The graph shows a block of mass mkg that is at rest. Determine the strength modulus with which the rope 3 must be pulled so that the other two ropes are tight. (Consider $θ = 30º; g = 10m / s²$)

answer: 40N

The part F = 80N I found, but why F = 40N?

Answer 1

You need to write the sum of the forces along the two axes. Say tension in rope 1 is $T_1$ and in rope 2 is $T_2$. Then, in the vertical direction: $$F\sin\theta+T_1\sin\theta=mg$$ and in the horizontal direction $$F\cos\theta=T_1\cos\theta+T_2$$ You have two conditions for the ropes to be tight: $T_1\ge0$ and $T_2\ge0$. Looking at the first equation, the maximum force occurs when $T_1=0$, so $$F_{max}=\frac{mg}{\sin\theta}=\frac{4\cdot 10}{1/2}=80N$$ We now rewrite the first equation as $$F=\frac{mg}{\sin\theta}-T_1$$This means that as $T_1$ increases, $F$ will decrease. But how far can we go? We rewrite equation 2 as $$F=T_1+\frac{T_2}{\cos\theta}$$ For a fixed $F$, you can increase $T_1$ and decrease $T_2$. at the maximum $T_1$ you have $T_2=0$. So in that case $F=T_1$. Plugging back into the first equation $$2F\sin\theta=mg$$which for the given $theta$ means $$F_{min}=mg=40N$$

Answer 2

Here is a shortcut using the fact that the block is in equilibrium and that the forces $F_1$ and $F_3$ along rope 1 and 3 are symmetric wrt. the vertical axis through the center of the block.

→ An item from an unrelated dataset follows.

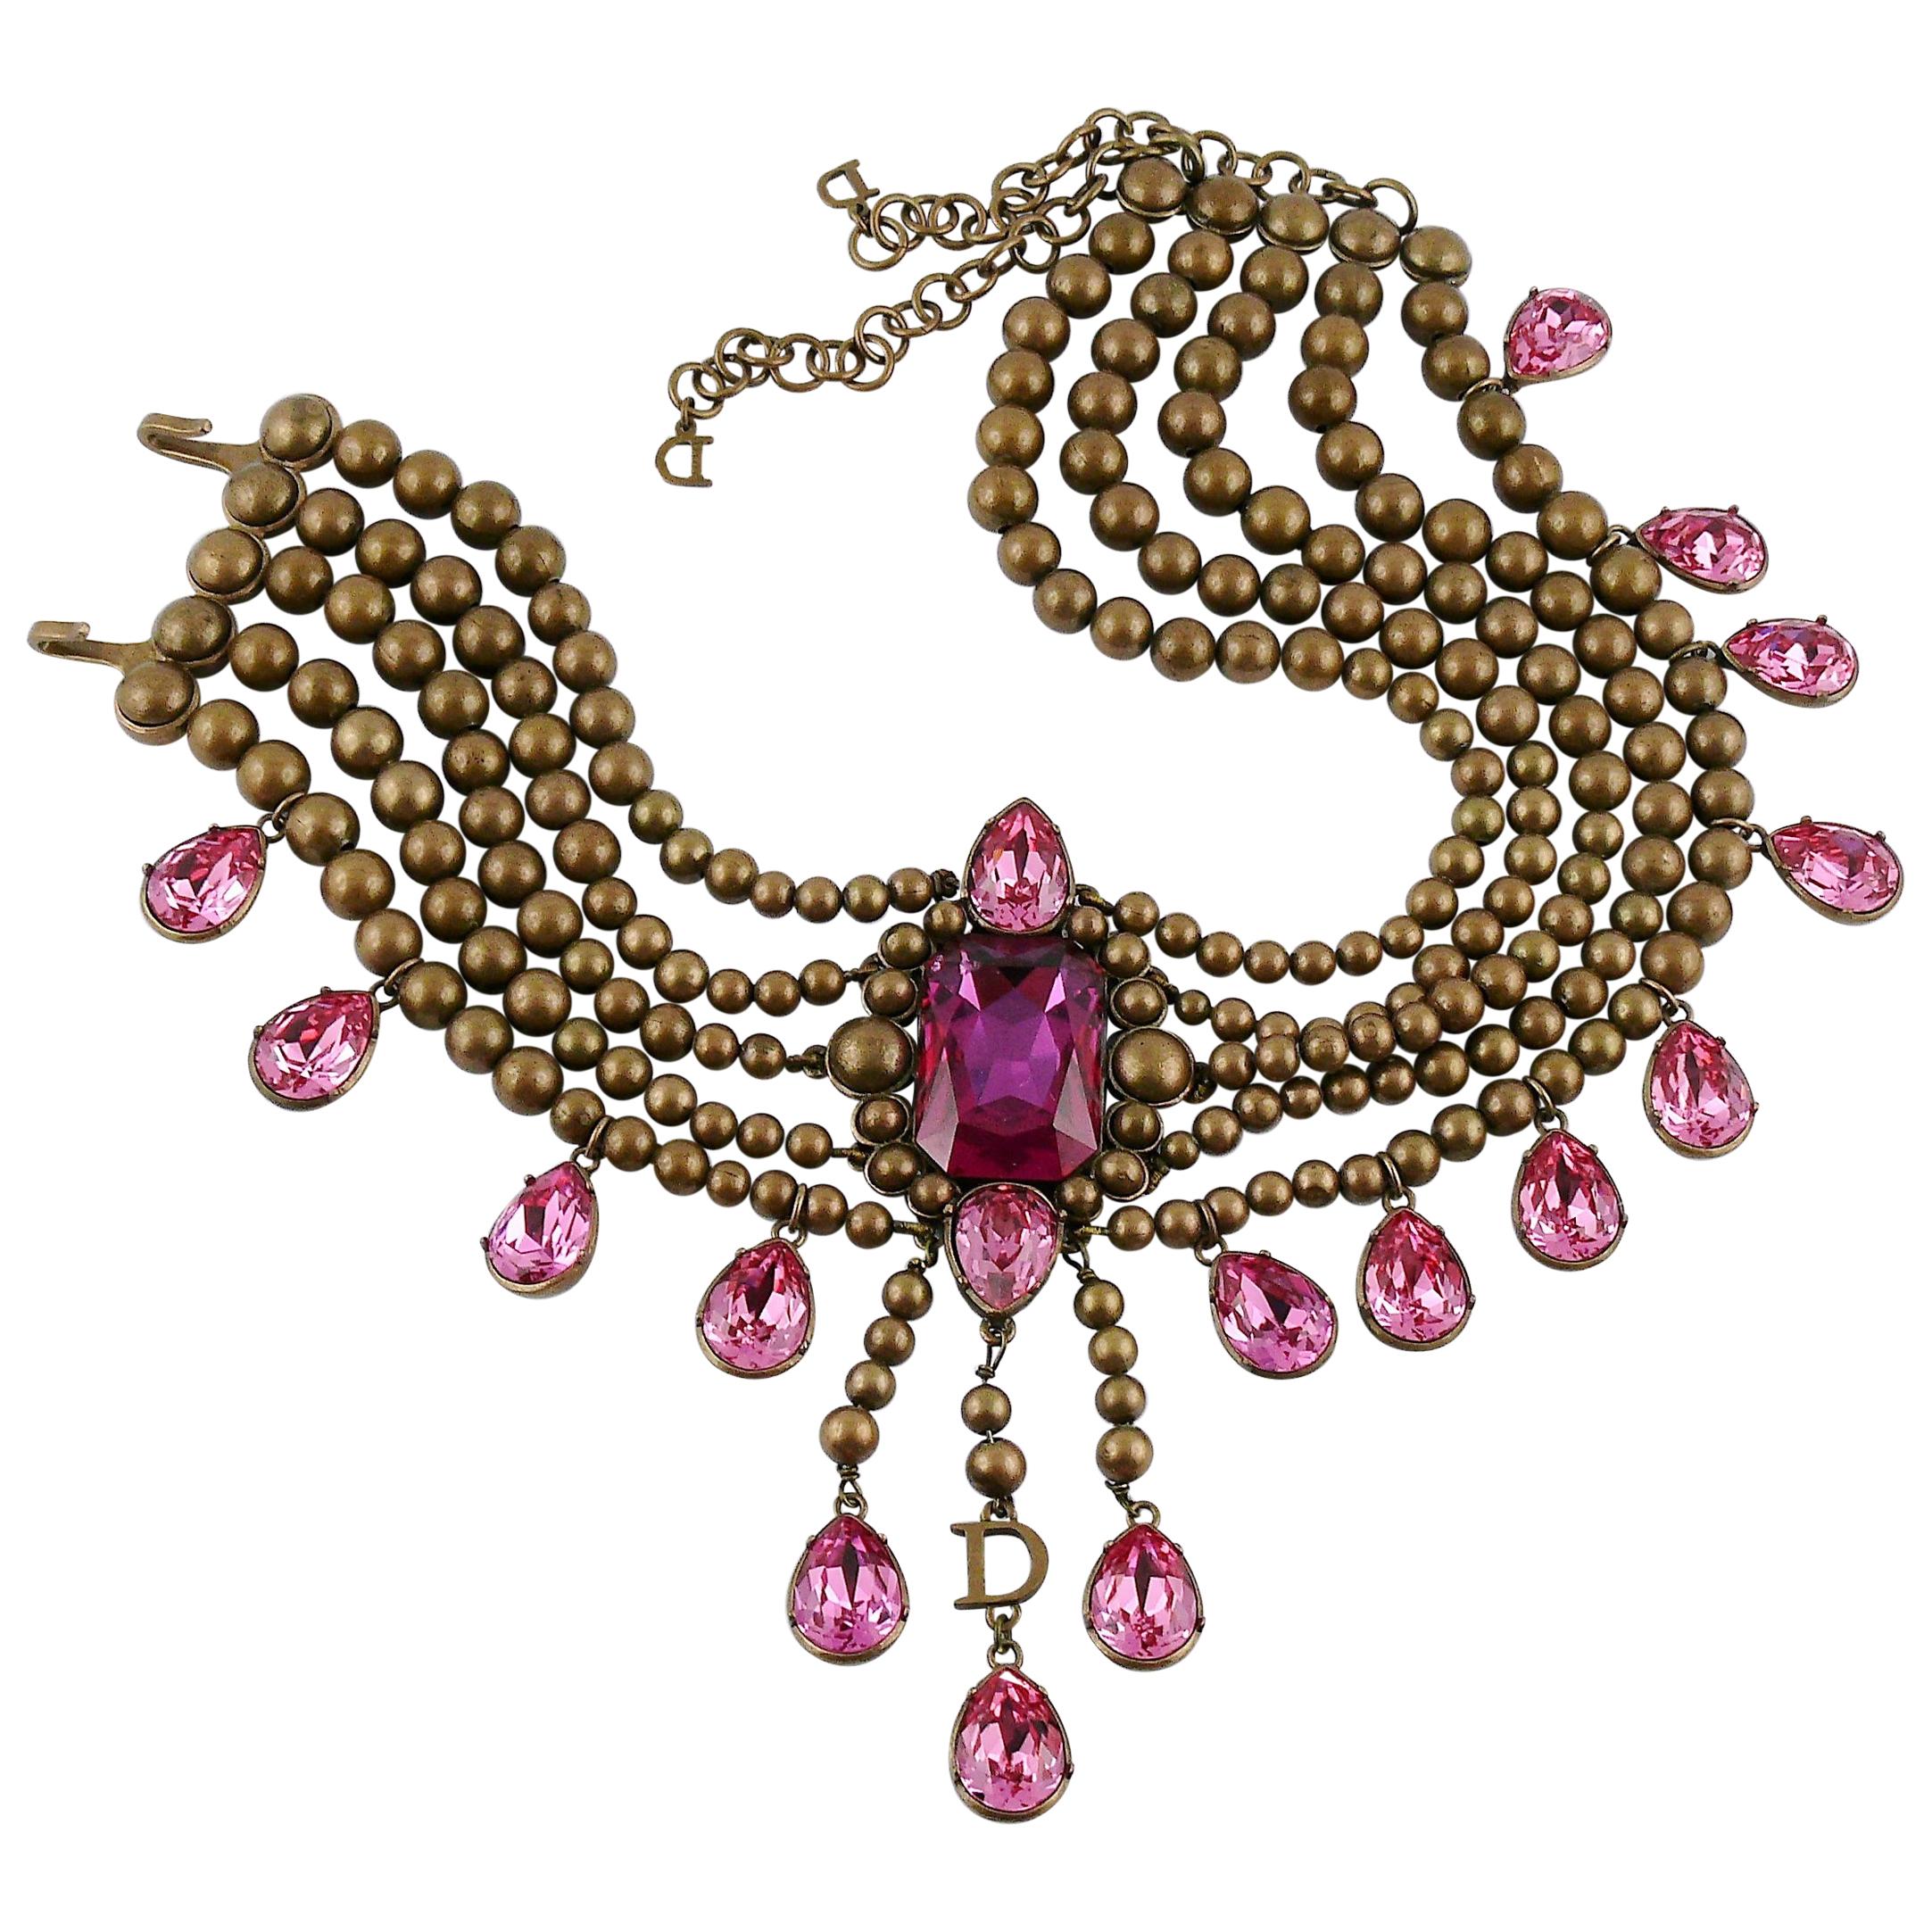 Christian Dior Jewelled Edwardian Choker Necklace

Let $v_1$ and $v_3$ be the magnitude of the vertical components of $F_1$ and $F_3$. Then you have

• $v_1 = v_3$ because of above mentioned symmetry.
• $v_1 + v_3 = 2v_3 = 40N \Rightarrow v_3 = 20N$.
• $\frac{v_3}{F_3}=\sin 30^° =\frac 12$.

Hence,

$$F_3 = 2v_3 = 40N$$